Guidelines for Lenders

Another way that Fannie Mae is helpful to people who want to buy a home is by requiring certain guidelines for lenders. Fannie Mae guidelines include a requirement that the lender be compliant with the federal government's Statement on Subprime Lending. This means the lenders have to avoid subprime loans with certain characteristics that make them riskier. In addition, Fannie Mae will only buy and guarantee loans that are under certain limits, which are set by the Federal Housing Finance Agency. Those limits are higher for areas where housing costs tend to be particularly high.

All of this adds up to a healthier housing market in general, increased consumer protection for borrowers, and greater protection for lenders.

There is a Fannie Mae selling guide that includes much more detail for lenders about requirements for working with the entity.

Fannie Mae vs Freddie Mac

How do Fannie Mae and Freddie Mac differ? It's true that both enterprises are similar in many ways. Freddie Mac was created more than three decades after Fannie Mae, in 1970, and its purpose was to expand the secondary mortgage market and provide some competition for Fannie Mae.

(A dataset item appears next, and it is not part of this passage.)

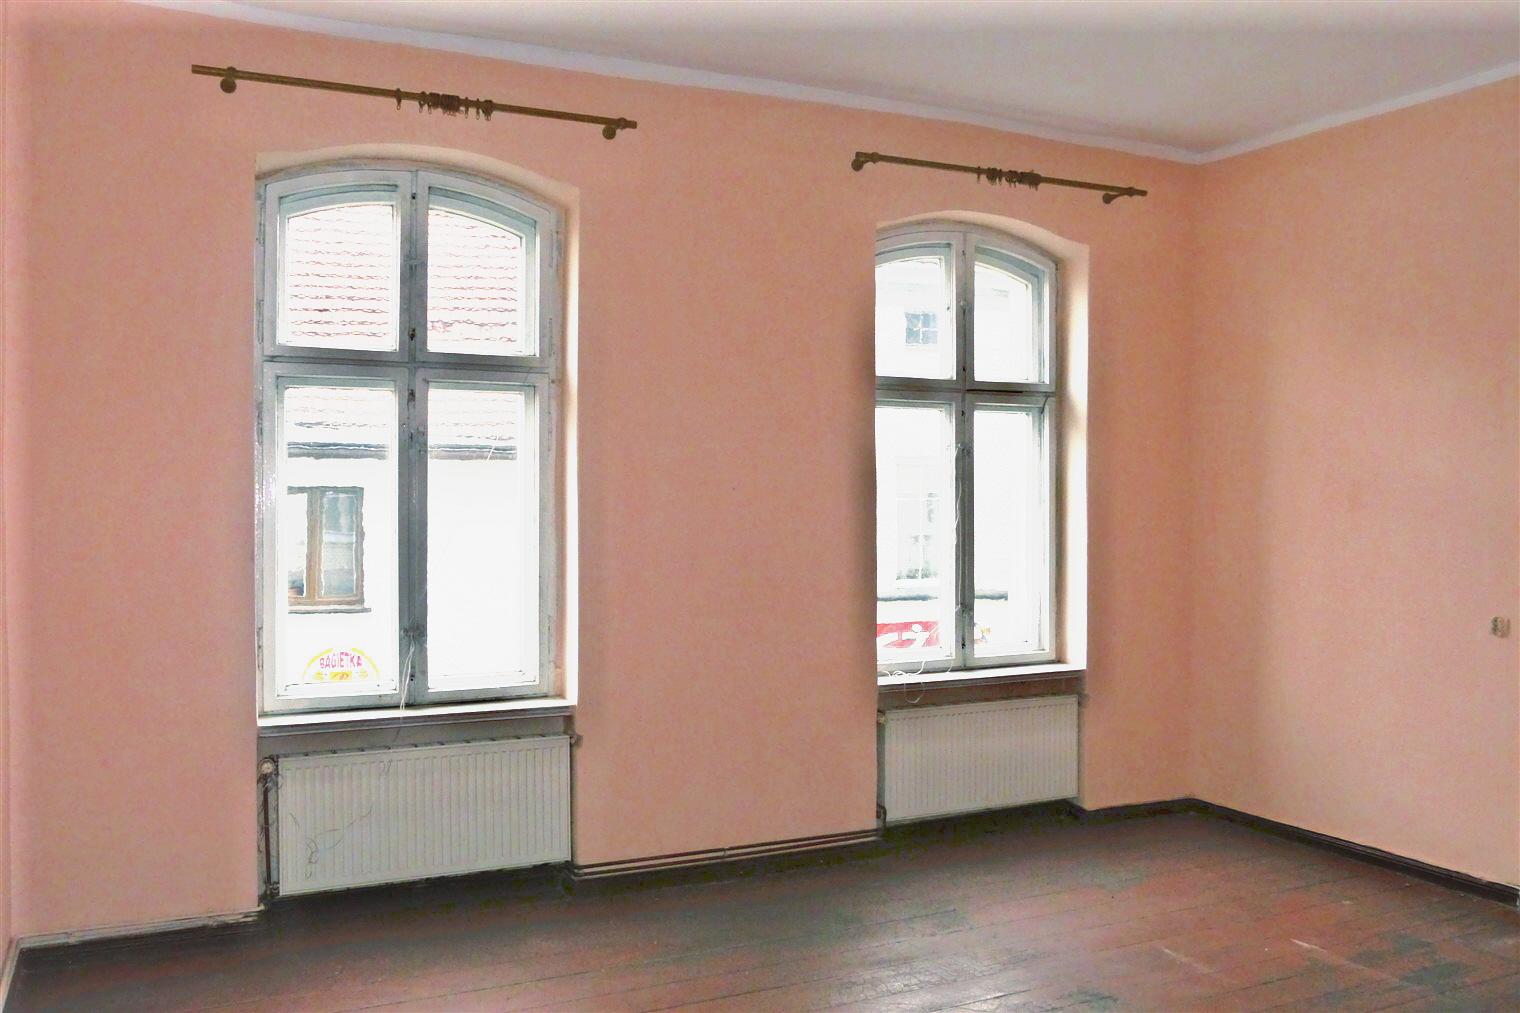 Mieszkanie-Kluczbork-centrum

The main difference in the two is the types of lenders that they work with. Fannie Mae works with large commercial banks. Freddie Mac buys loans from smaller local banks.

There are a few other differences as well, such as in their lending requirements and the criteria of the loan programs that they participate in.

Fannie Mae and Freddie Mac both back loans in different programs for people who may not have enough for a down payment on a home. For Fannie Mae, this is the Home Ready loan, and it is offered to people who make 80% of the median income for their area or less. For Freddie Mac, it is the Home Possible Loan. This one requires that the applicant makes no more than the average income for the area.

In an Austin real estate market or a similar market where housing prices can be high, these types of loans can be helpful for individuals who might otherwise be shut out of the market entirely.

Can You Buy Fannie Mae Stock?

The 2008 financial crisis and other issues have affected Fannie Mae and the value of Fannie Mae stock, and you can't purchase it on an open exchange. Fannie Mae and Freddie Mac are both in conservatorship under the Federal Housing Finance Agency, and Fannie Mae stock can only be purchased over the counter. Buying and selling on the OTC market can be complicated and must be done through a broker-dealer.

However, if you are hoping to buy or sell a home in the ATX area or elsewhere in the country, you don't have to worry about performance on the markets. As a buyer or a seller of a home, you'll still benefit from the liquidity and flexibility of lenders that is made possible in part by Fannie Mae.

Other Resources

Over nearly 100 years of existence, Fannie Mae has adapted to better help homeowners and people who want to buy a home. Like Freddie Mac, Fannie Mae offers a number of useful resources, such as help with recovery after a hurricane or another natural disaster, a mortgage calculator, a tool for loan lookups and more. An app can help you better access some of these resources on the go.

Throughout the many changes it has undergone over the decades, Fannie Mae continues to play an important role in the housing market and in ensuring that loans remain available for a large population of potential buyers.